I was also surprised by my fatigue in general. At first I chalked it up to the six-hour adjustment in time; but that had never incapacitated me on previous visits. This time I nearly slept away an entire week. I came to the conclusion that the language challenge and trying to adjust to new foods, routine, environment, was wearing me out.
It’s different when you are visiting a place for a week or two. The new adventures are exciting. And while I still find this new life exciting, it’s more like moving to a new city and starting a new job in the States, with new friends, a new home, new co-workers, a new schedule; they all lose their romance for a while. Adapting becomes the body’s primary goal, rather than enjoyment.
For example, a trip to the supermarket (3 trips in the past week, so I can, with some expertise, comment on shopping in a foreign-speaking land) took me three times longer than it should have. Where do you find the garlic powder in a French grocery? The oregano wasn’t too difficult because it’s green, flaky and written origan feuilles in French. Curry is curry. Basil, basilic. But garlic translates ali, and my little Frenchman didn’t know garlic. And how much fat content is in this yogurt? Fortunately, I read French better than I speak it, and a few brands are the same, like the Greek yogurt I usually buy at WalMart. They actually had it here. But they didn’t have cream of mushroom soup for my potato soup recipe. I’ll have to improvise on that one. Many of these packaged foods and vegetables are unfamiliar to me. (We won’t even talk about the meats.) Even the images on the boxes are foreign to my U.S. born-and-bred eyes.
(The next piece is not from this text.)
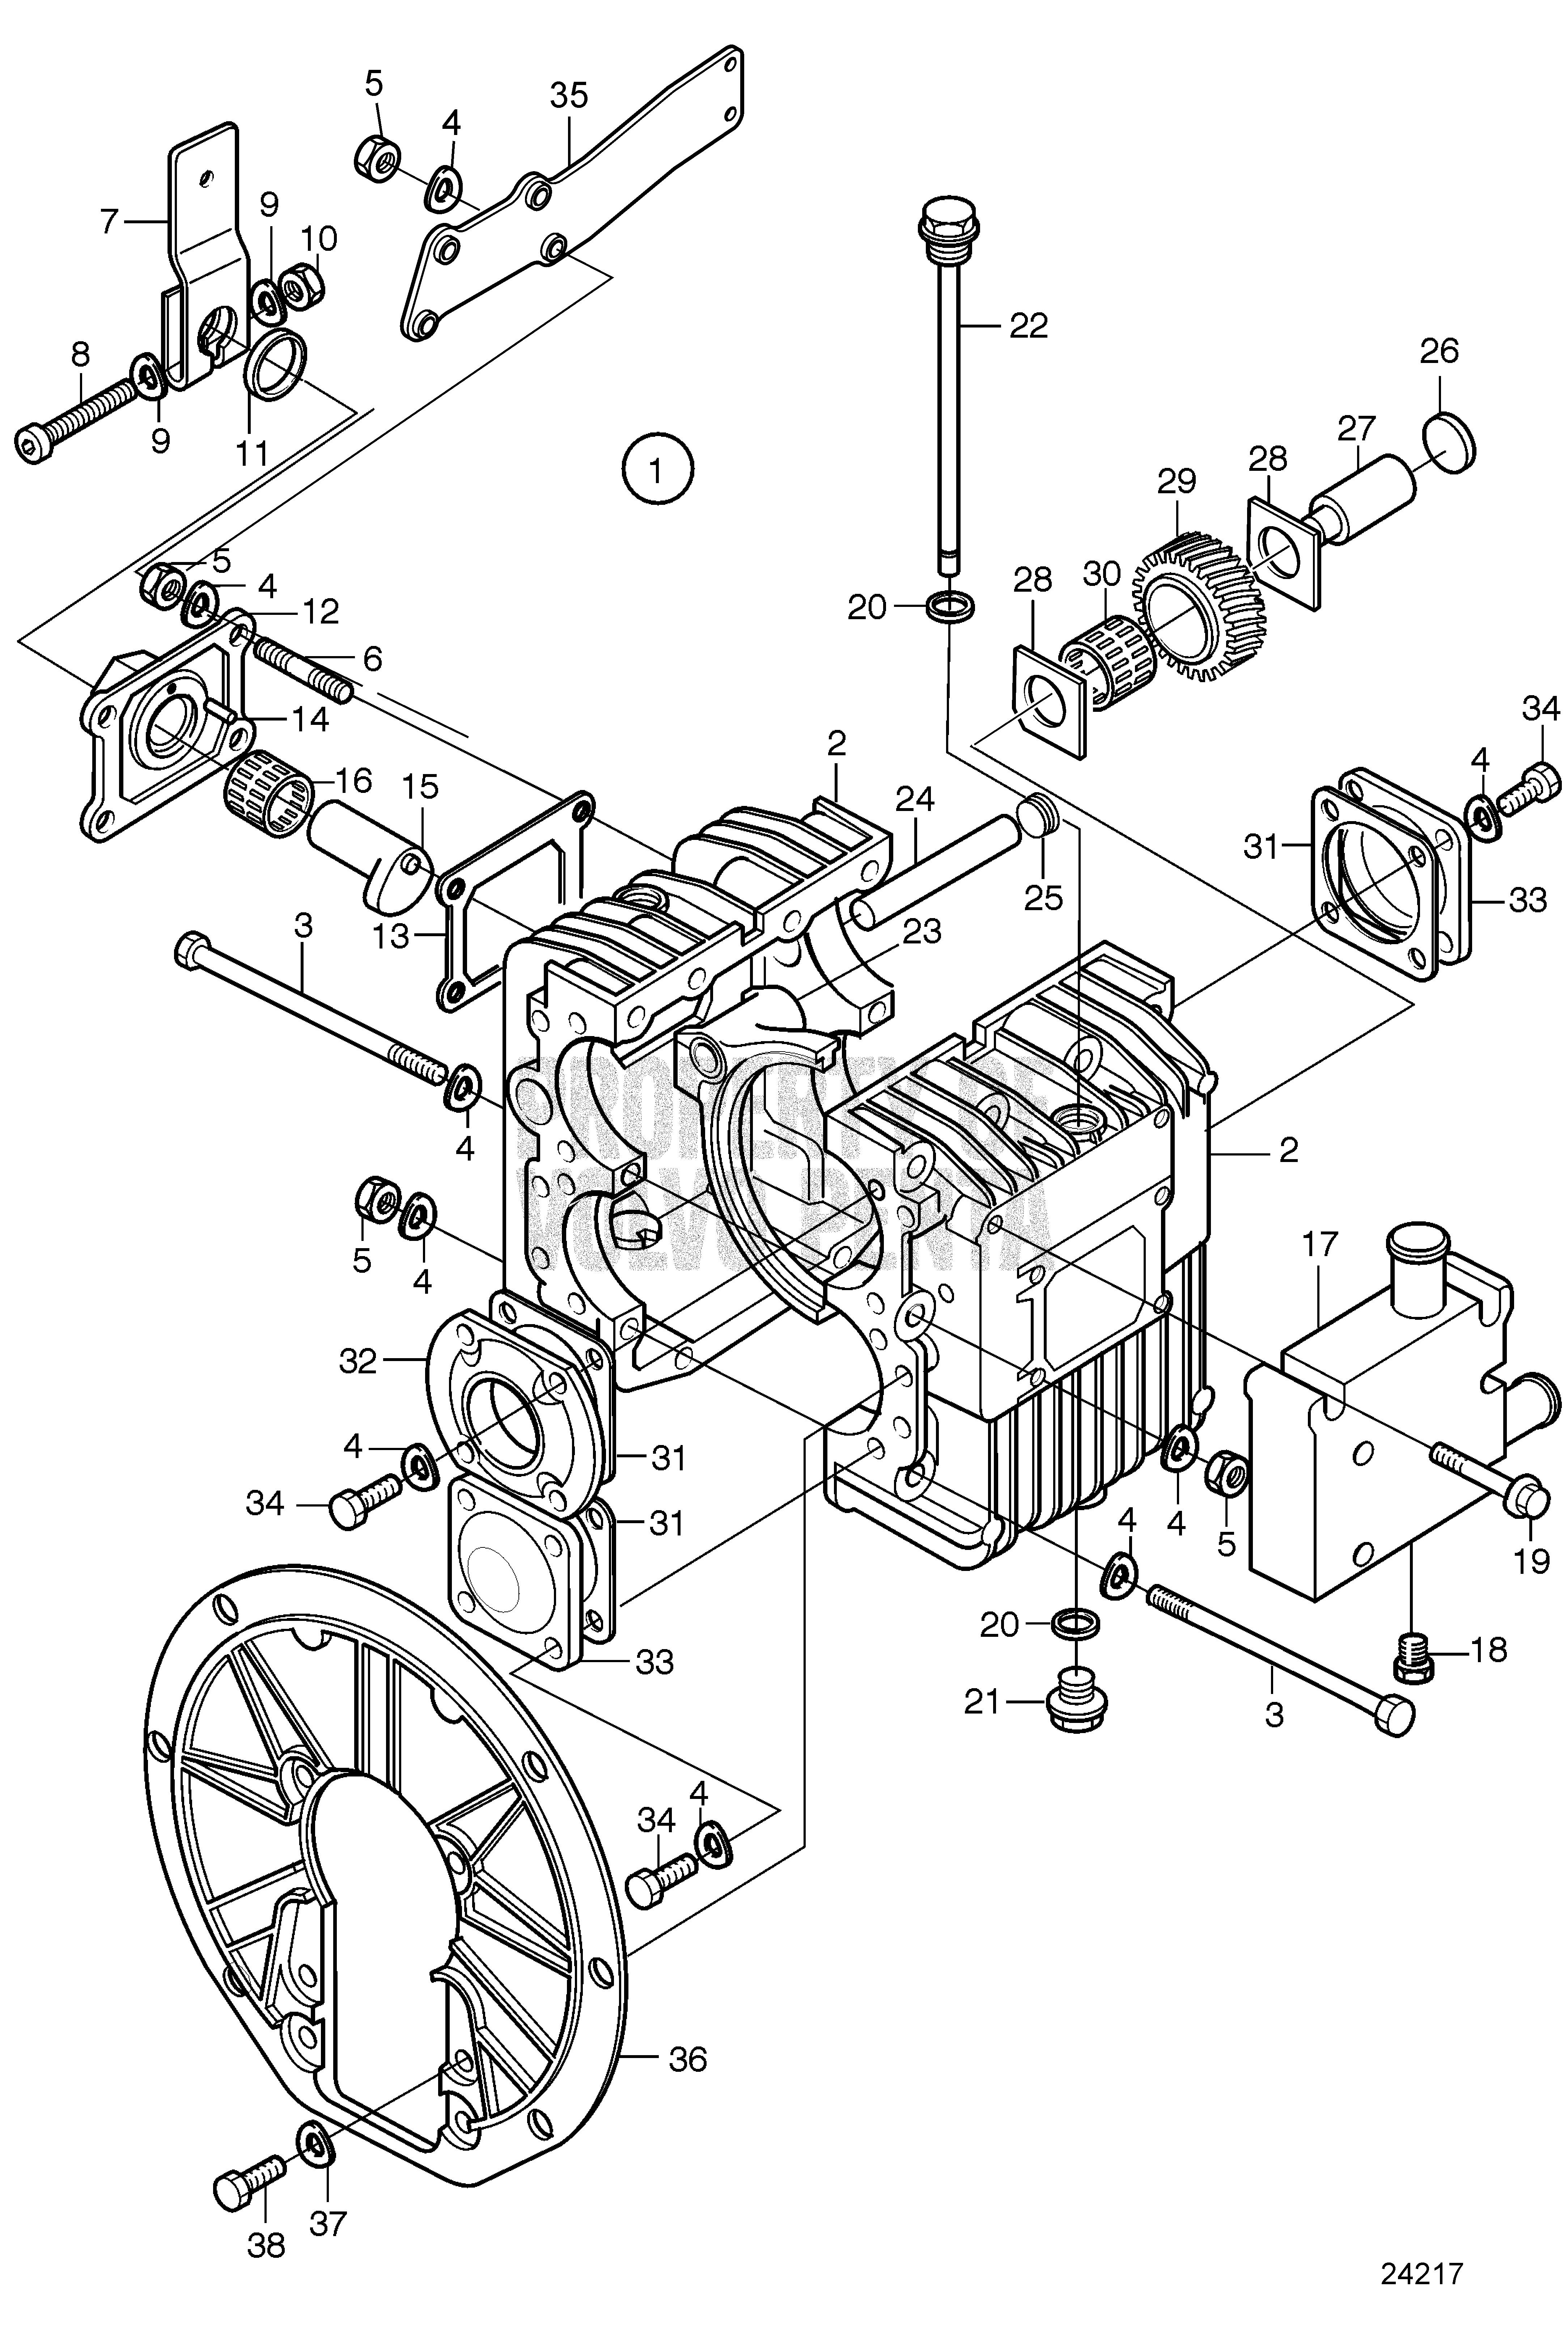 carburetor conversion volvo parts w does manifold apply itm not marine penta weber

And so I’ve been surprised by the fatigue, the challenges, and at times the frustration, of trying to adapt to a new life in a new country. But then it’s only been a little over a week…
…and the sun streaming in through these open, enormous arch-shaped, old-world windows in my little French villa; hundreds of birds in this bird habitat singing their little French songs in the trees just on the other side of the balcony; the absolute tranquility of this morning as I drink a cup of French coffee and reminisce about the last week and listen to my Frenchman puttering around outside… this moment reminds me why I am here.
My new home for the next 3 months is about 15 minutes south of Arles, France.